I am trying to prove that $n^2 \leq 2^n$ for all natural $n$ with $n \ne 3$.
My steps are:
- induction base case: $n=0:$ $0² \leq 2⁰$ which is okay.
- inductive step: $n \rightarrow n+1:$ $(n+1)²\leq2^{n+1}$ $$(n+1)^2 = n^2 + 2n + 1 = …help…\leq 2^{n+1}$$
I know the bernoulli inequality but don't know where to use it, if I even need to.

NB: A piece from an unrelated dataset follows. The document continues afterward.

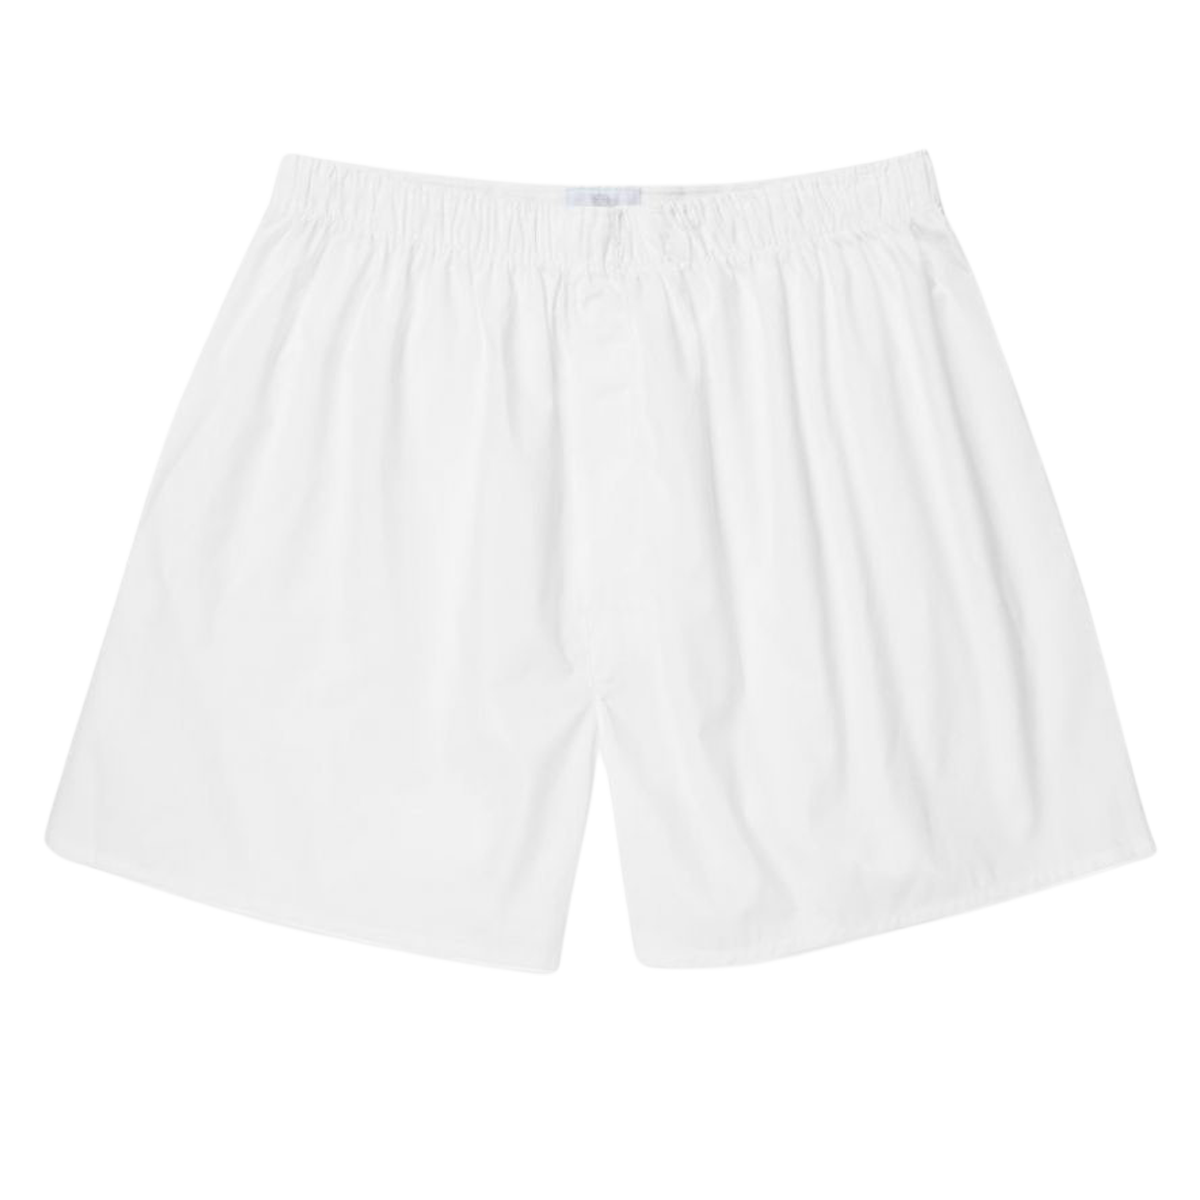 Sunspel White Cotton Boxer Shorts Feature

I have problems when it comes to proving things which are based on orders..
Best Answer
First since one must have $n\neq 3$, the induction base must be $n=4$. For the induction step: Suppose $n^2\le 2^n$. Then, $$(n+1)^2=n^2+2n+1\le 2^n+2n+1\le 2^n+2^n=2^{n+1}$$ because $2n+1\le 2^n$ for $n\ge 3$ (why is this true?).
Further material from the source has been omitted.